A Novel Prediction Method of ATP Binding Residues from Protein Primary Sequence
ATP is an important nucleotide that provides energy for biological activities in cells. Correctly identifying the protein-ATP binding site is helpful for protein function annotations and new drug development. With the innovation of machine learning, more and more researchers start to predict the binding sites from protein sequences instead of using biochemical experiment methods. Since the number of non-binding residues is far from the number of binding residues, a popular method to deal with the ATP-binding dataset is to apply the under-sampling to construct training subset which will inevitably lose the negative samples. However, a lot of valuable information for ATP binding properties is hidden in negative samples which should be carefully considered. In this study, the dataset which contains full negative samples are applied in training process.
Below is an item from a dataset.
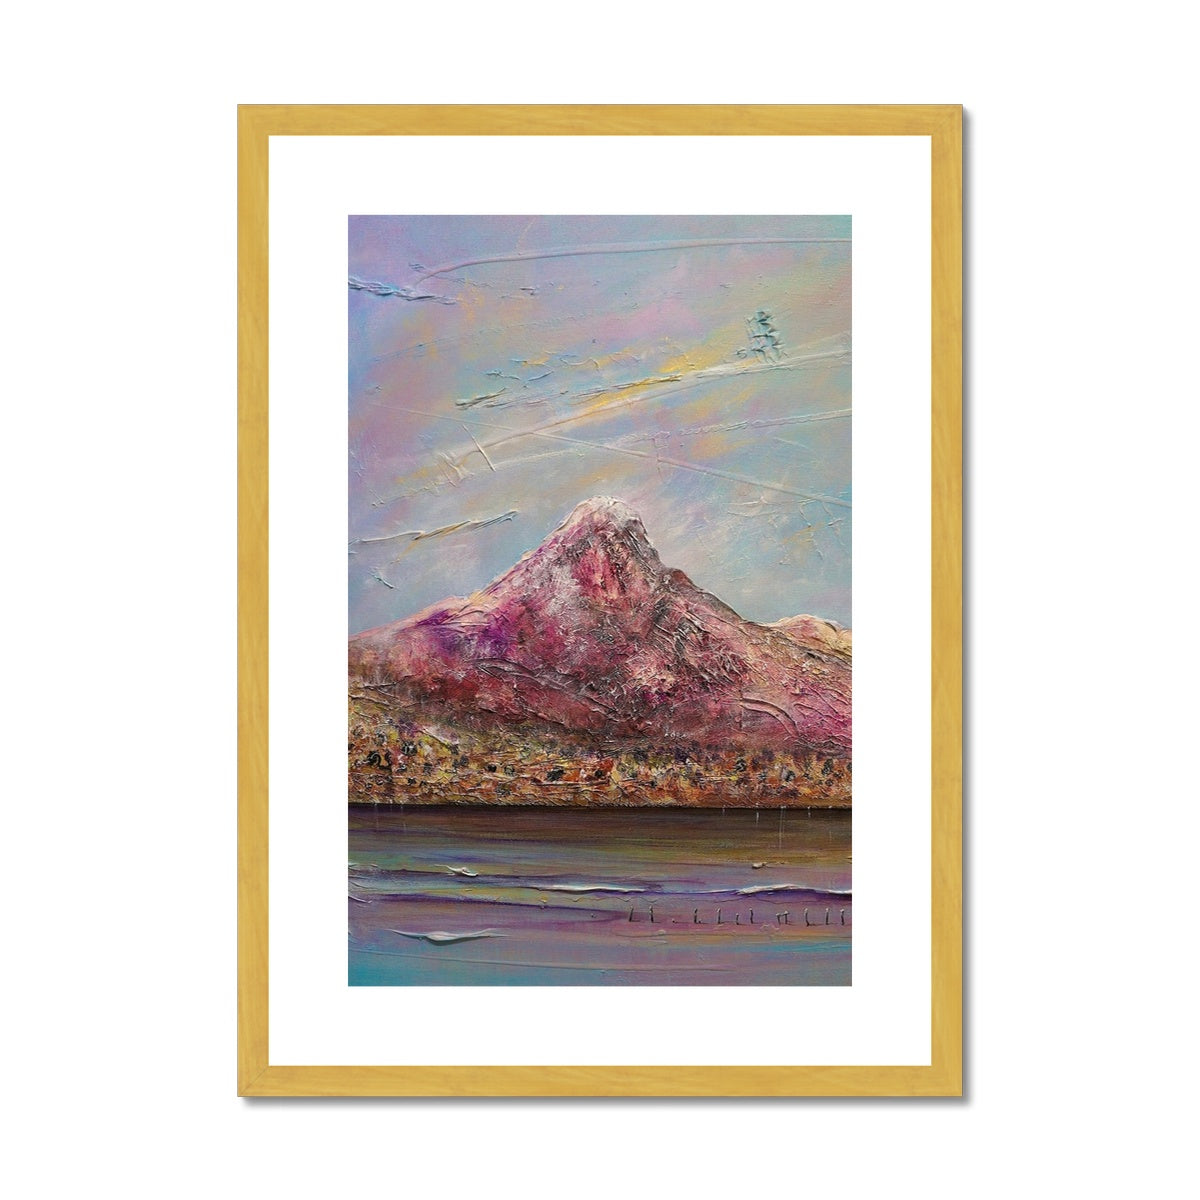 Ben Lomond Painting | Antique Framed & Mounted Prints From Scotland-Fine art-Scottish Lochs & Mountains Art Gallery-A2 Portrait-Gold Frame-Paintings, Prints, Homeware, Art Gifts From Scotland By Scottish Artist Kevin Hunter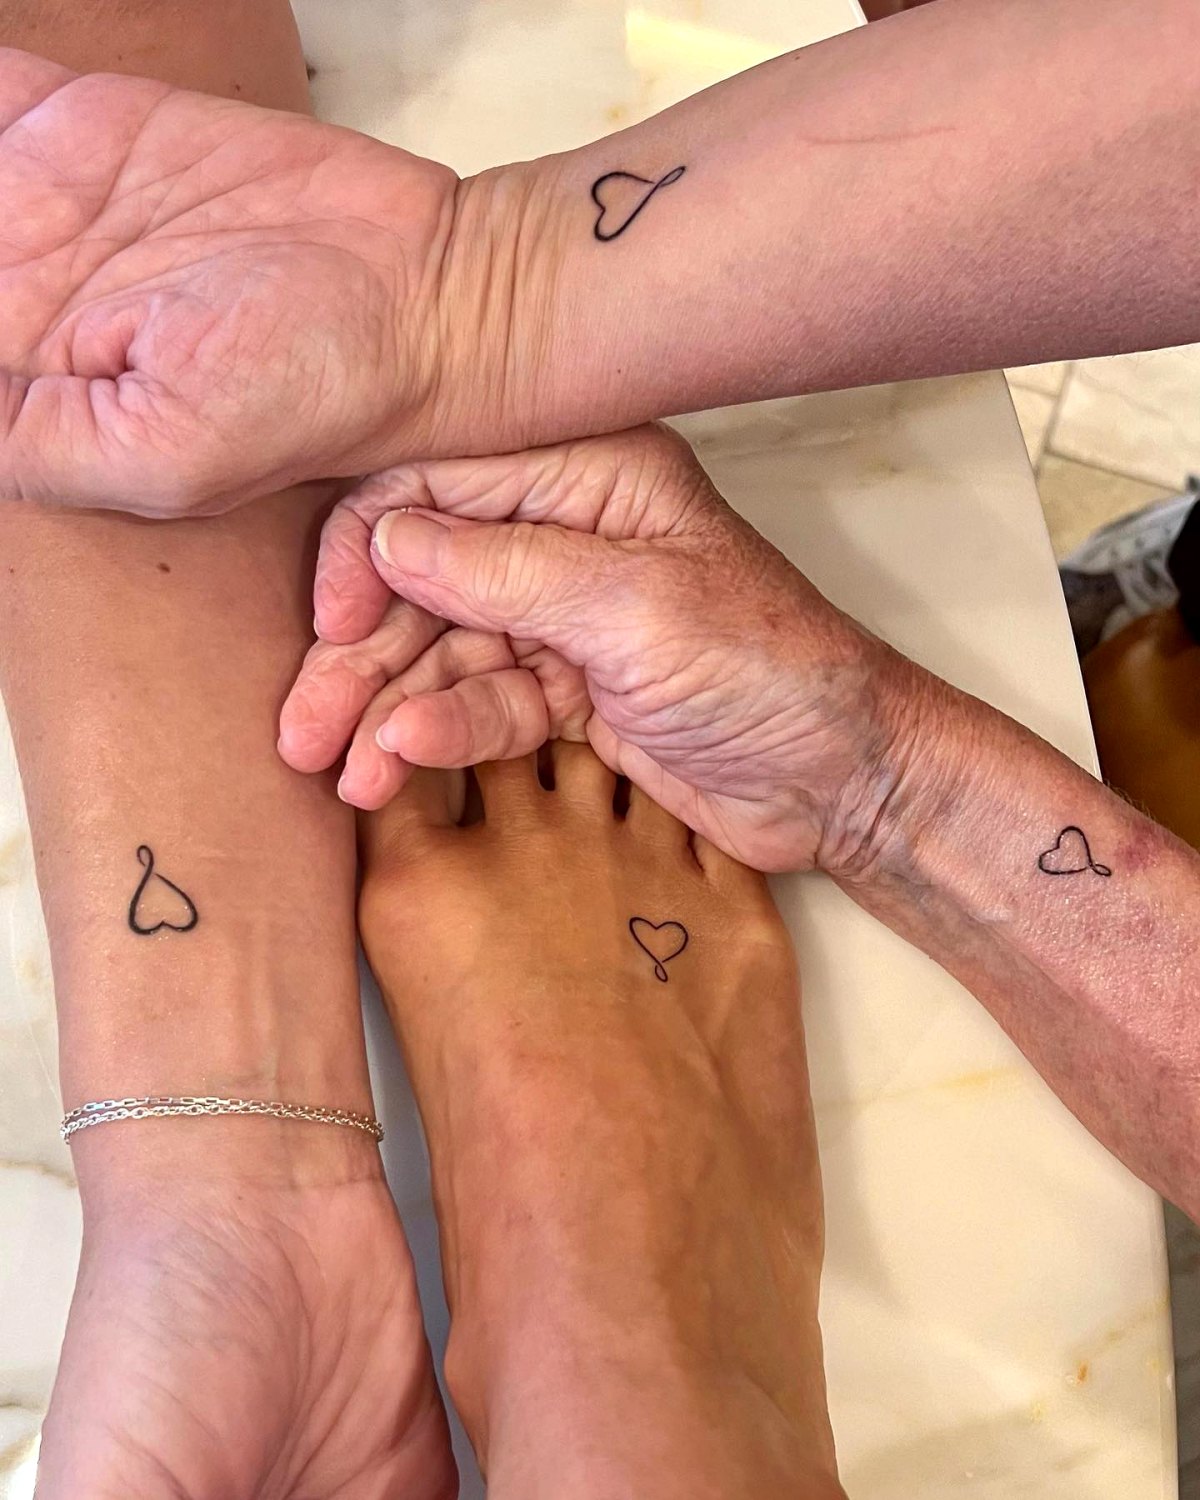 Carrie Underwood Gets Matching Tattoos With Her Mom + Sisters

In order to avoid biased in prediction result, the decision tree classification algorithm which shows stable performance in imbalanced data is applied. The prediction performance on five-fold cross validation has demonstrated that our proposed method improves the performance compared with using under-sampled data.
KeywordsATP-binding site Protein primary sequence Decision tree Binary classification
This work was supported by The National Natural Science Foundation of China (Project No. 61662057, 61672301) and Higher Educational Scientific Research Projects of Inner Mongolia Autonomous Region (Project No. NJZC17198).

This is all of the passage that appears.